近所のケーキ屋さんはチーズケーキが人気で、私もお気に入りだ。でもプリンが好きな母のために、プリンを2つ買って実家へ急いだ。

おしゃべりしたくてたまらなかった母は、私が椅子に座る前から、堰を切ったように話し始めた。

息継ぎも忘れて話し続ける母。

話の内容が入ってこないくらいに、母の独り暮らしの淋しさがズシンと胃に重い。持っていったプリンを、箱から出せなくなった。

元々、母はおしゃべり好きで、なんでも思うままを口にしてしまう人だ。

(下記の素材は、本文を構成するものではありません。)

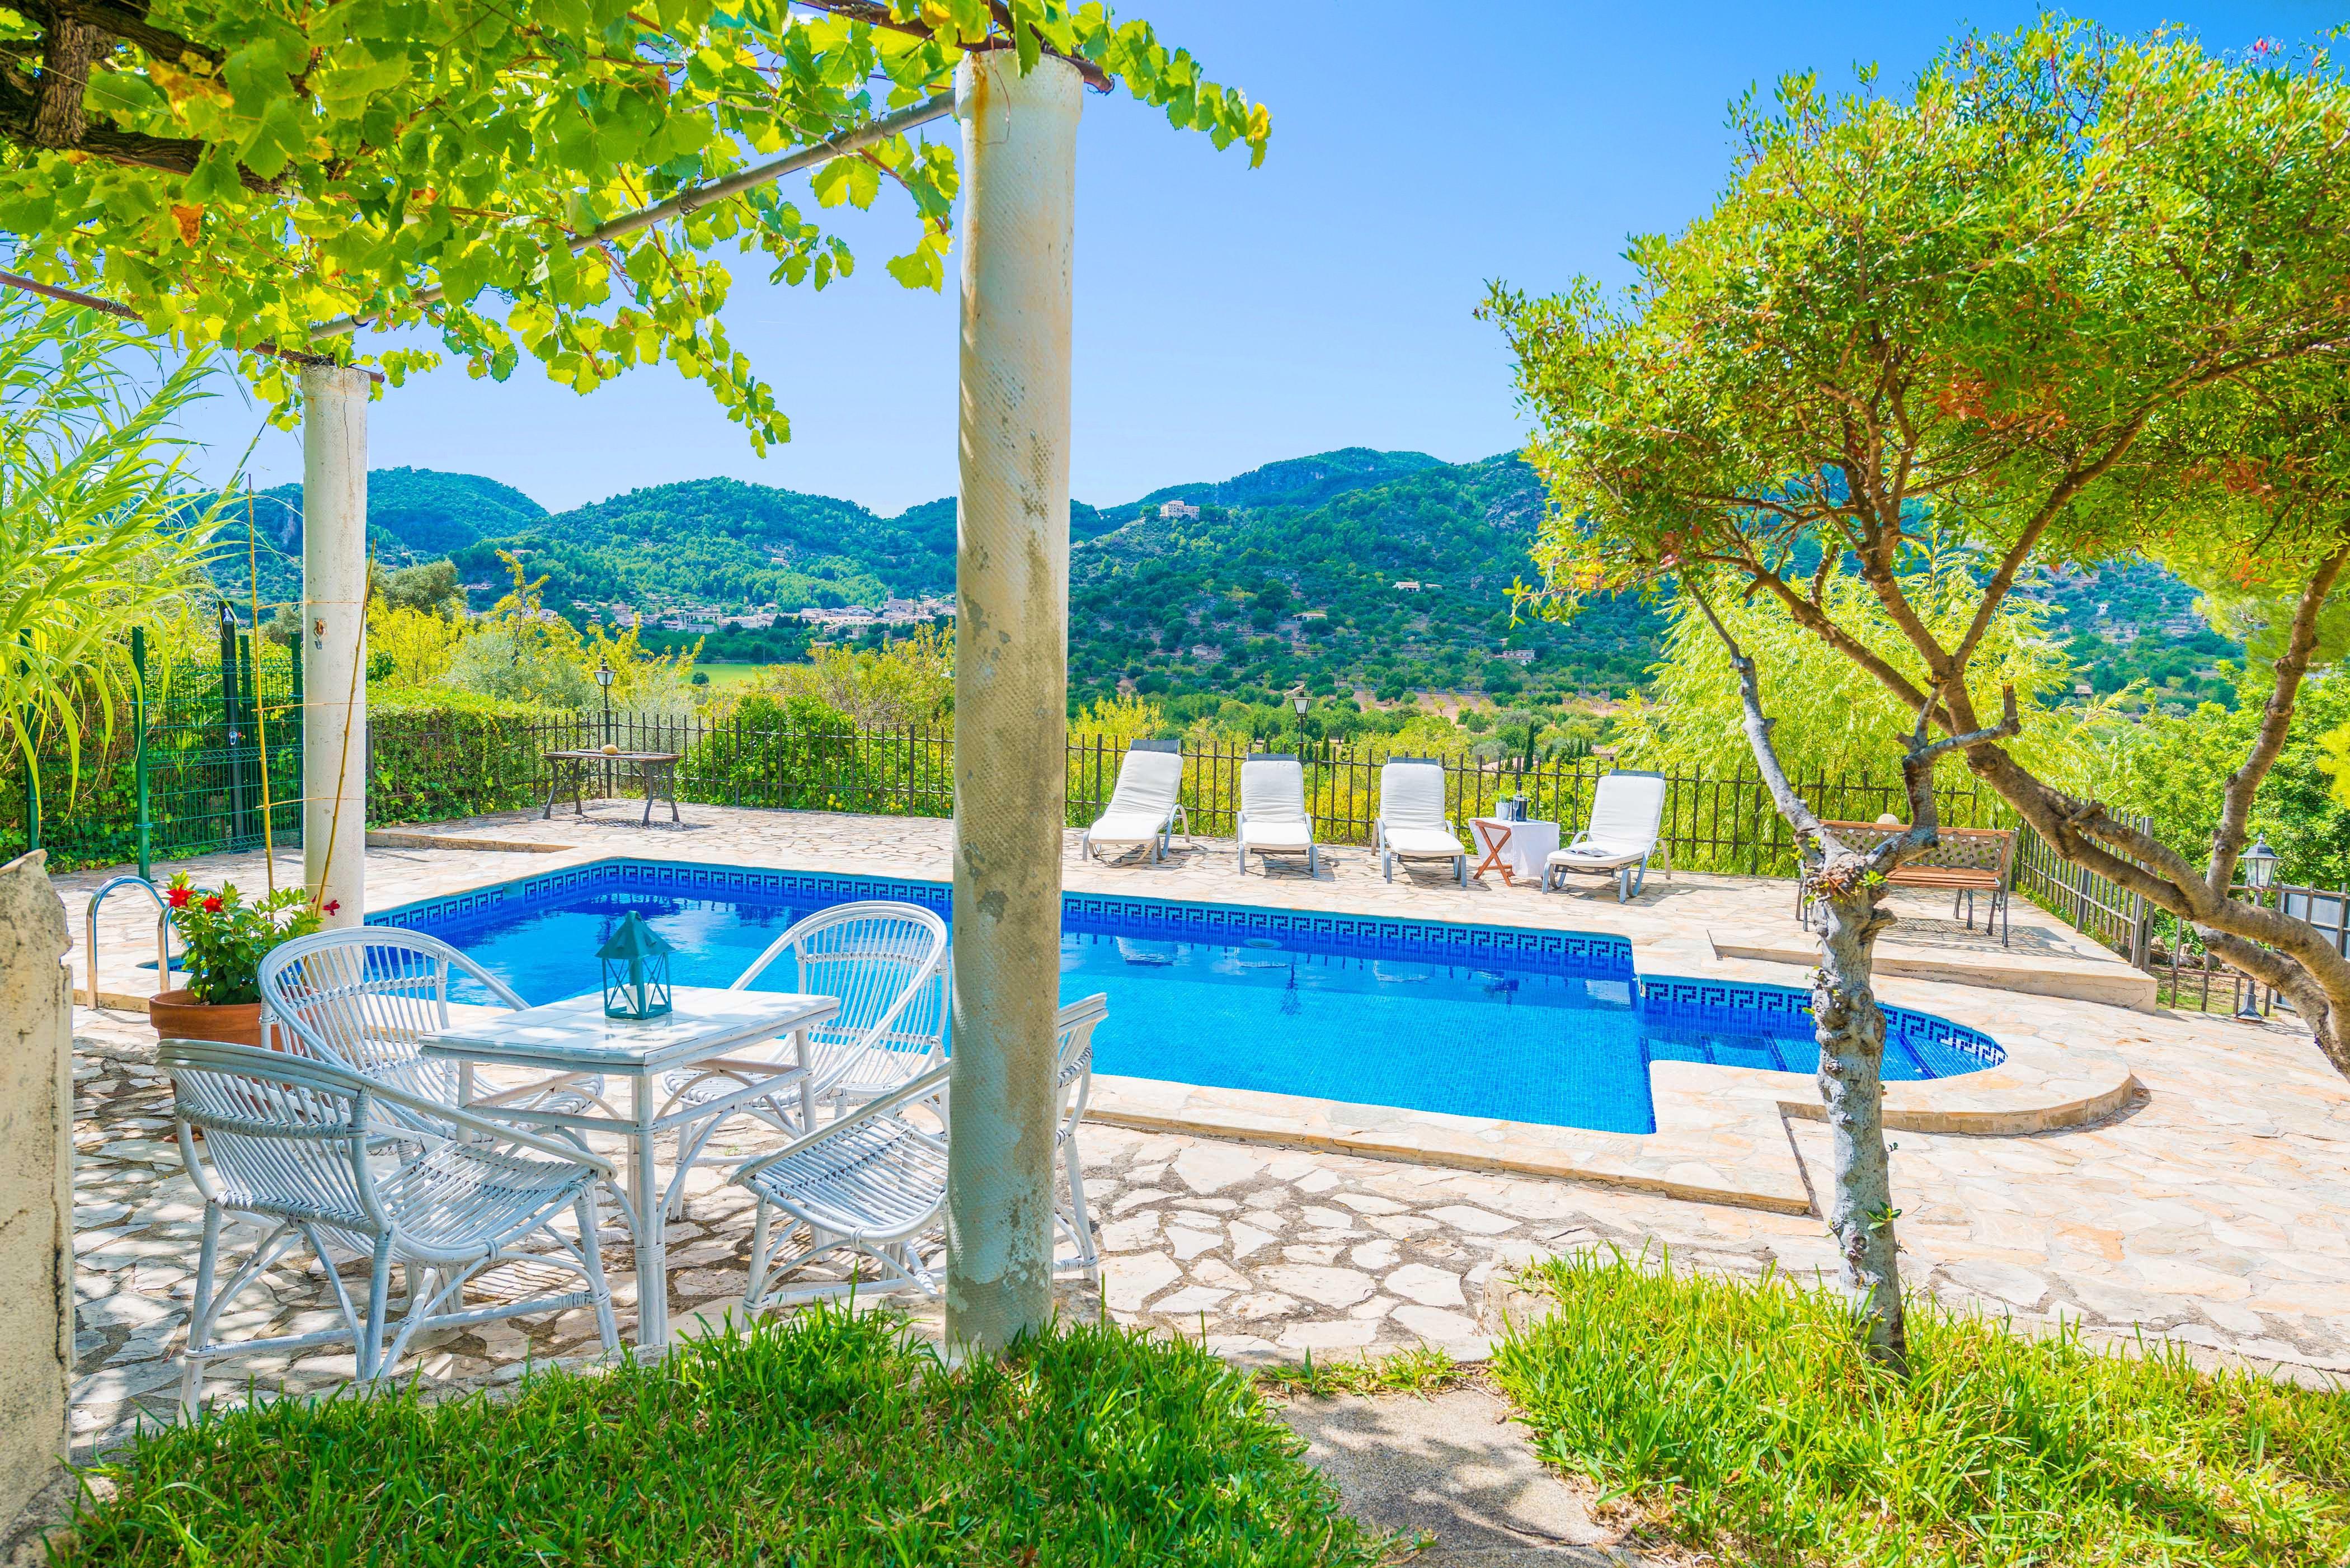 Ferienhaus SON DURINET (2302802), Mancor de la Vall, Mallorca, Balearische Inseln, Spanien, Bild 13

それを、父がずっと受け止めたり制止したりしてくれていた。

その父が昨年亡くなり、最近の母は人と話すことに飢えているように見える。私たち子どもや親戚、友人へ手当たり次第に電話をかけ、だれかれ構わず、スーパーの店員さんにさえも話しかけ、どんな相手にもひとしきり、一方的に母が話す。

まるで聞くことを忘れてしまったように。

さらに、後先考えずに失礼なことを言ってしまうこともあり、まわりを不快にすることも少なくない。老いのせいなのか、それがだんだん激しくなってきているように感じられる。

「ねぇ、私、イジワルやろうか?」

母が急にそう言うので、ふっと我に返り、私は母の話に身を乗り出した。

「母さん、何か、やっちゃったの?」

その質問に、母は怪訝そうに首を傾げて、また長い話を始めた。

母の悩みは、ご近所さんとのバーベキューパーティのことだった。

40年ほど前、建てたばかりの頃の実家は、竹藪の中にポツンと一軒家の状態だった。それがこの十数年で周辺の竹林が切り崩され、どんどん新しくておしゃれな家が実家のまわりに建ち始めた。そこには、30代から50代くらいの、わりと若い世代のご家族が住んでいる。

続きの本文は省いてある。